→ PROVIDED INFORMATION
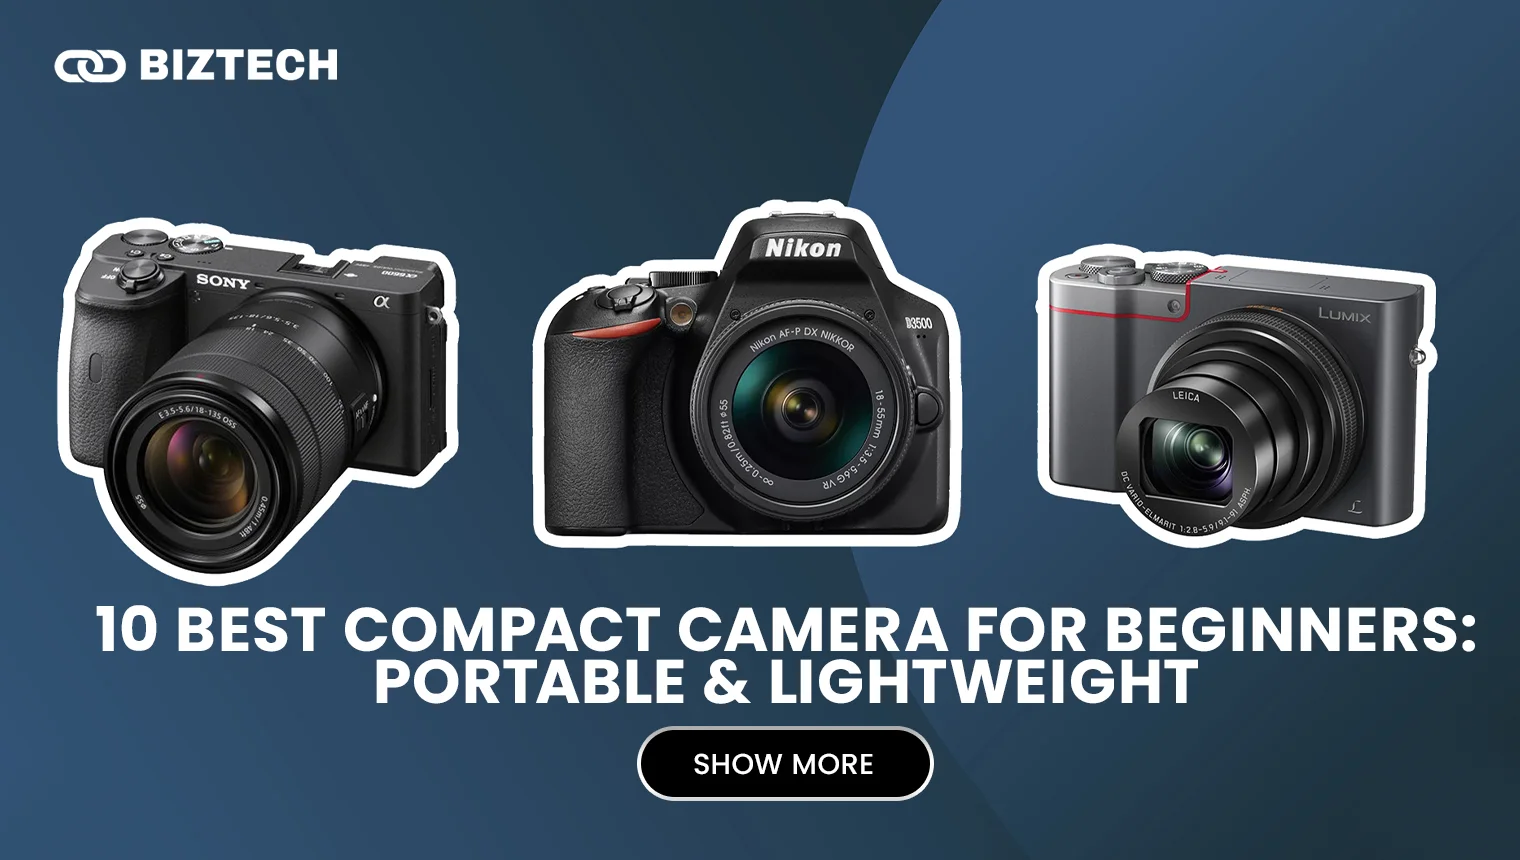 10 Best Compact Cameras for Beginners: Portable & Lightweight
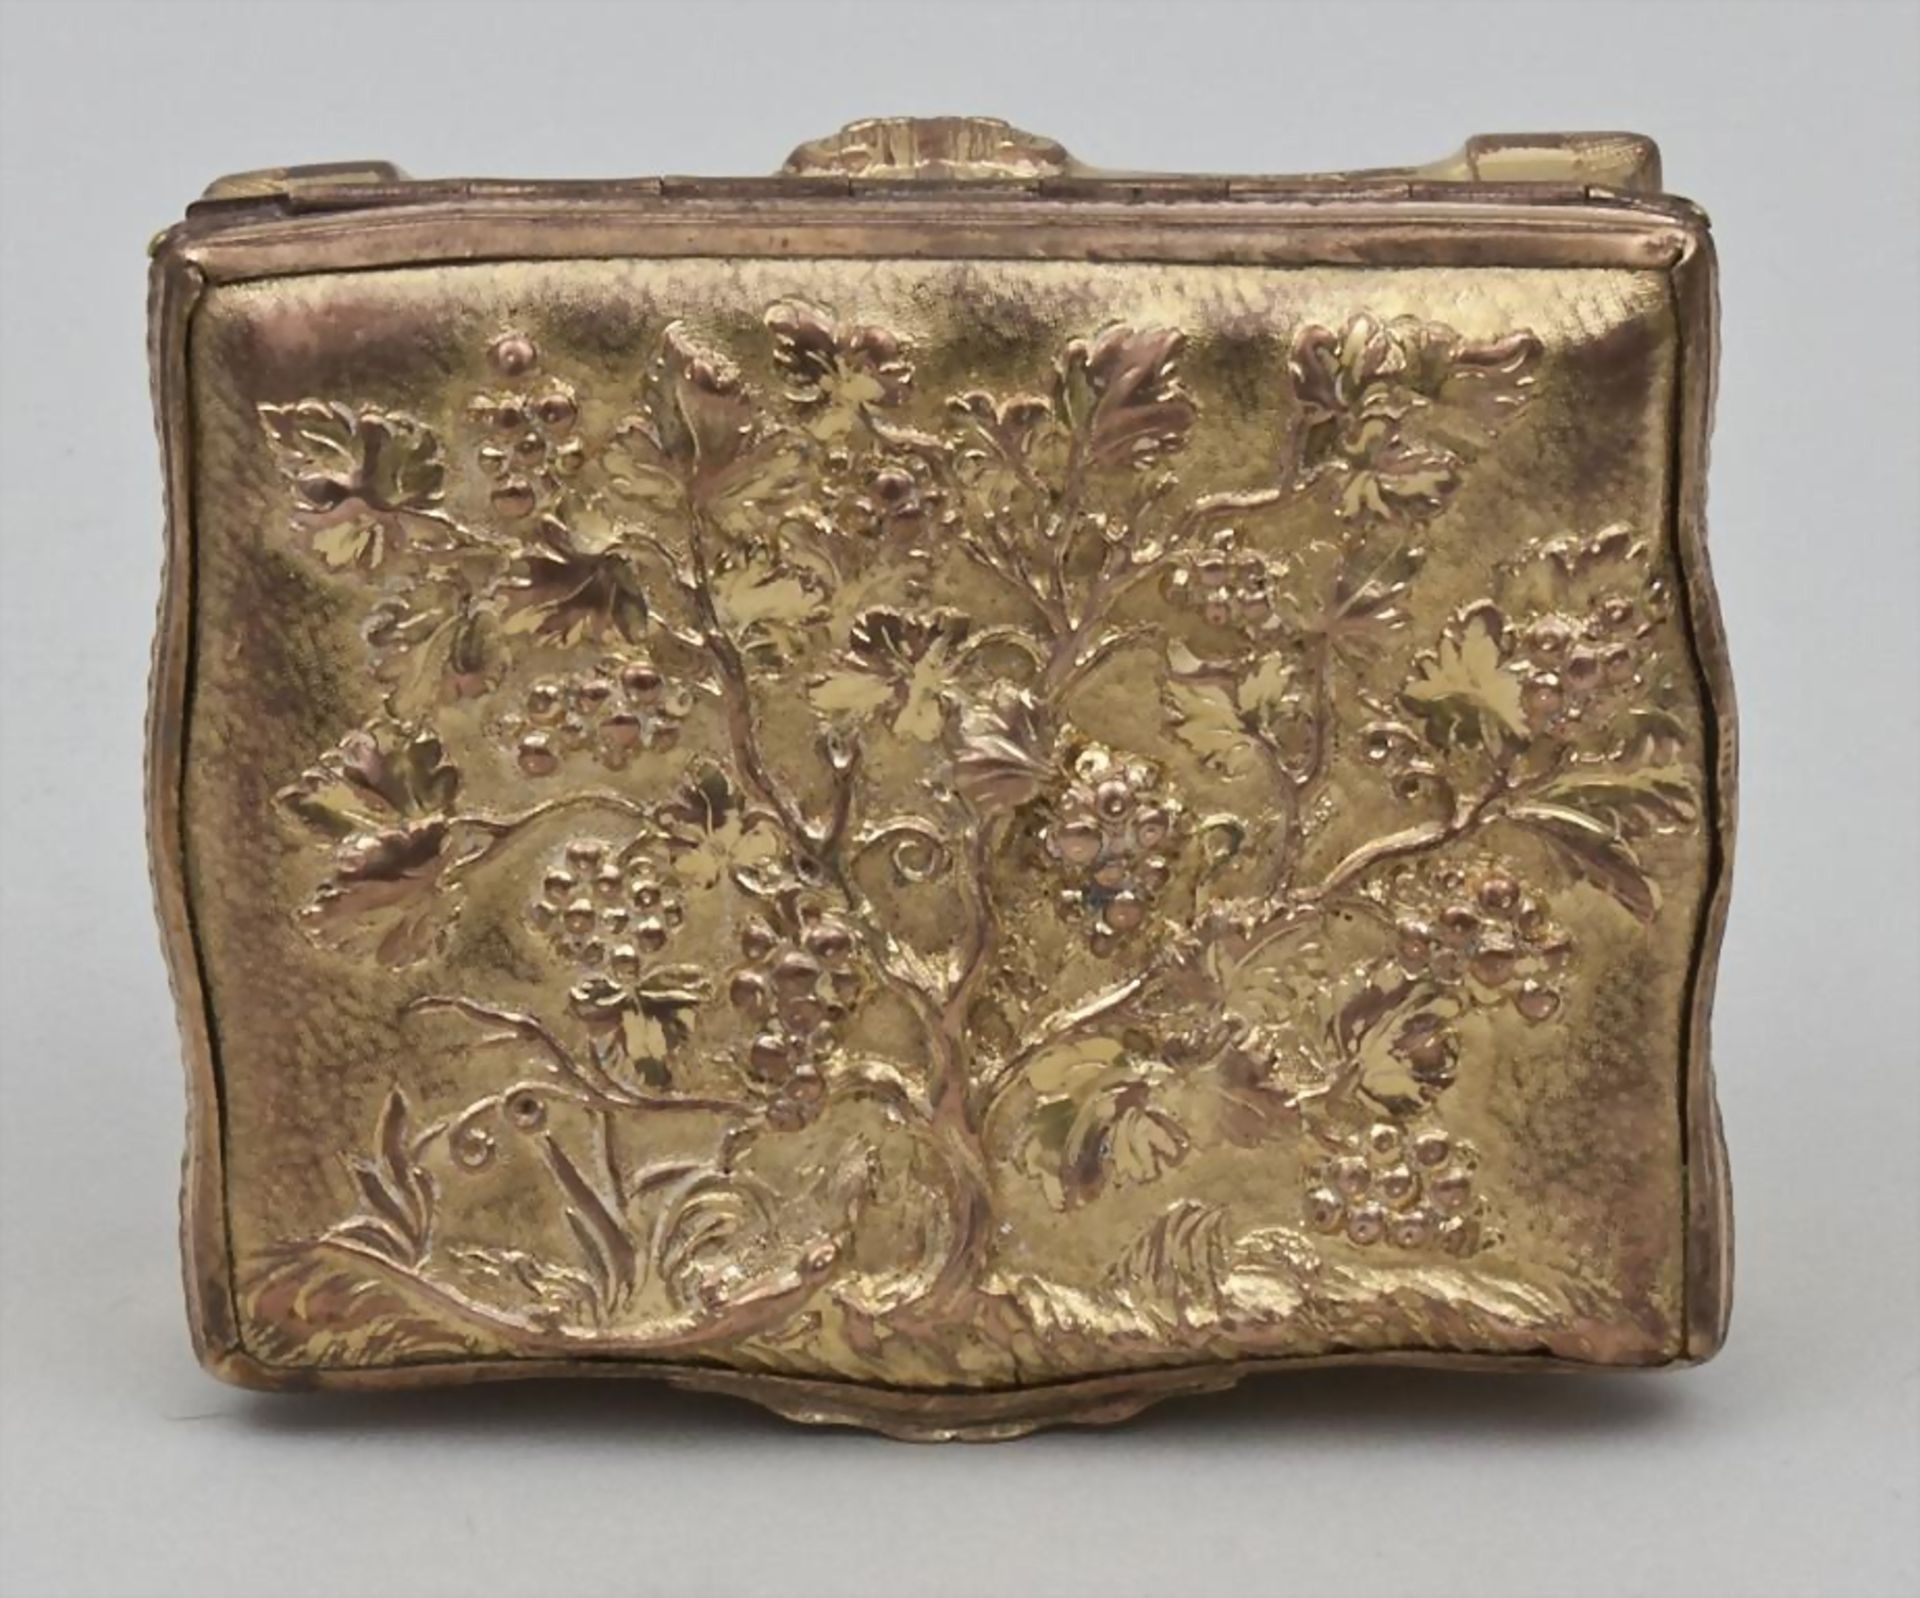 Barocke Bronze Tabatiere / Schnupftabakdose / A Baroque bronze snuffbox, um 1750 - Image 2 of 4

==

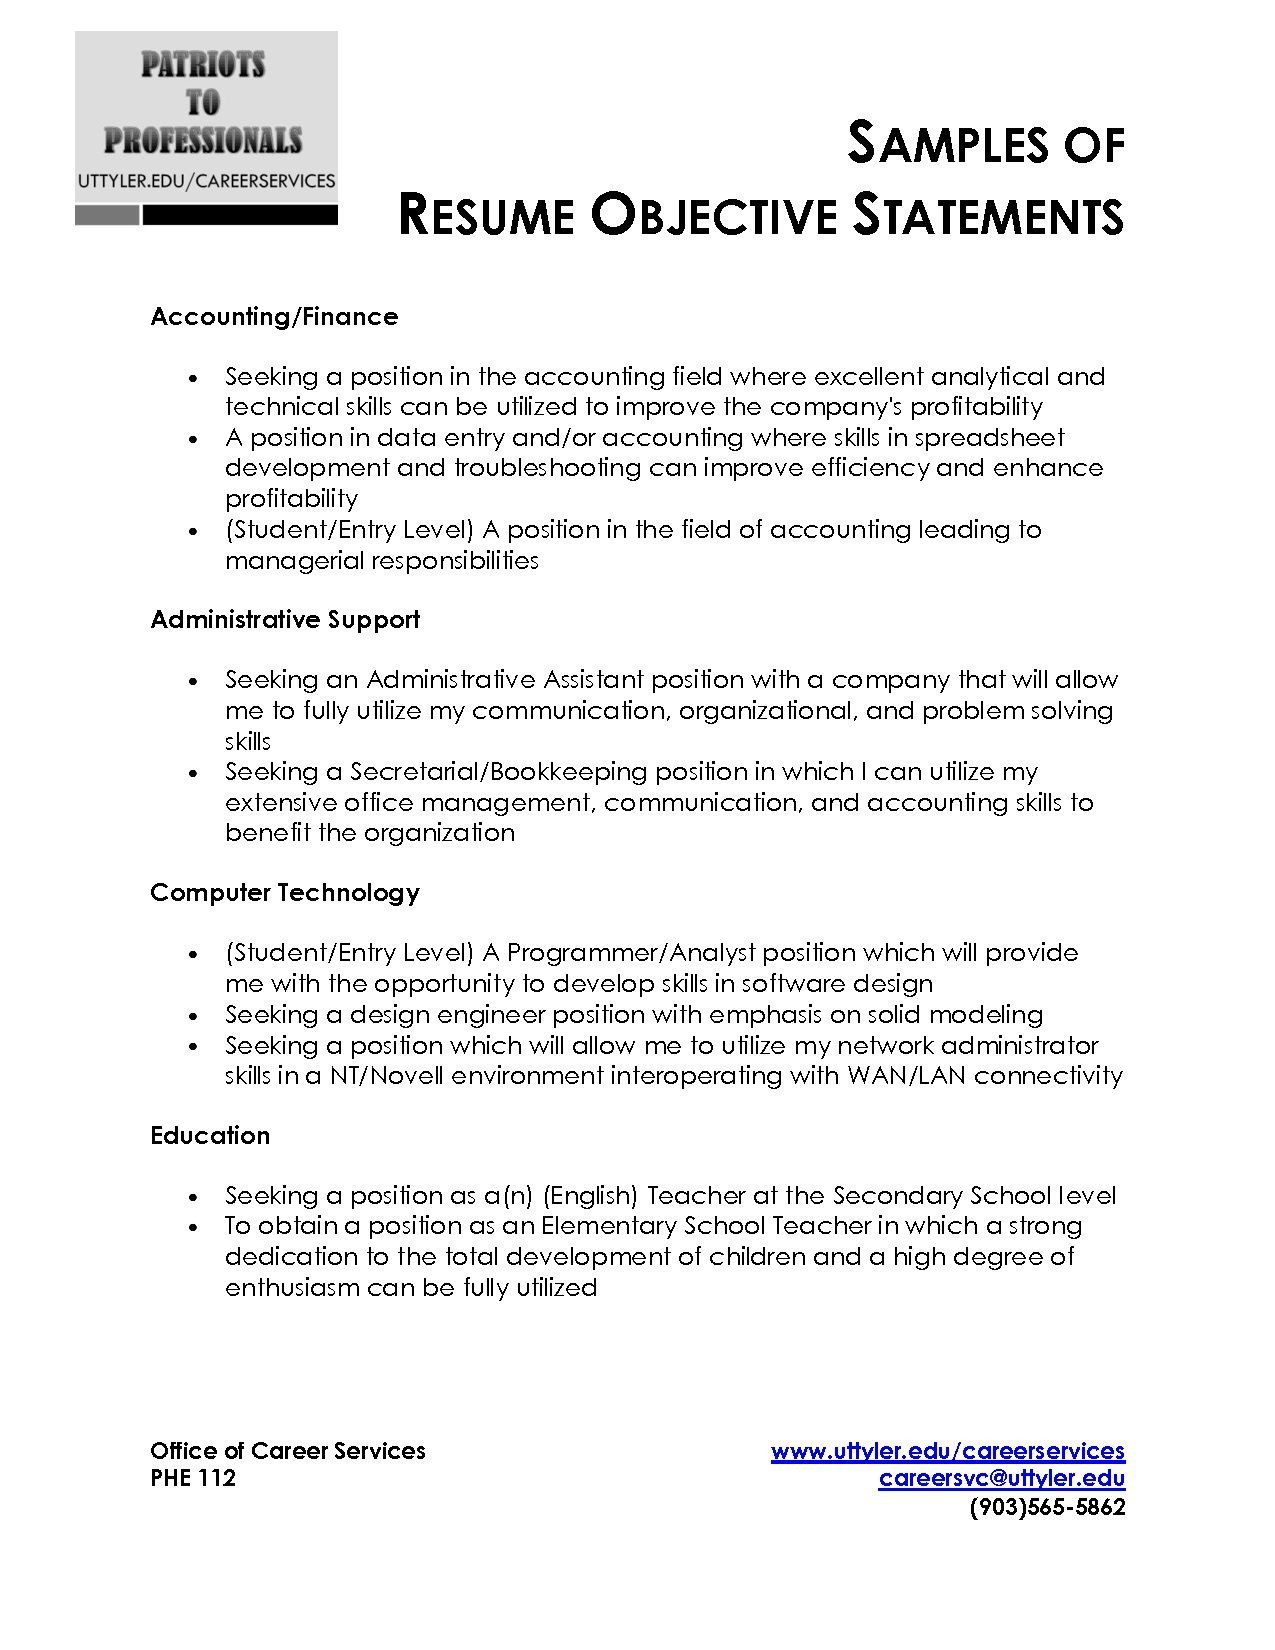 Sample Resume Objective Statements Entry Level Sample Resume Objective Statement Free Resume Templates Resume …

→ WORK REQUEST
In the records above, copy exactly everything from the line that has "10 Best Compact" down to the line that has "Barocke Bronze Tabatiere", both ends included, and leave out the pictures.

→ WRITTEN RESPONSE
 10 Best Compact Cameras for Beginners: Portable & Lightweight
 Barocke Bronze Tabatiere / Schnupftabakdose / A Baroque bronze snuffbox, um 1750 - Image 2 of 4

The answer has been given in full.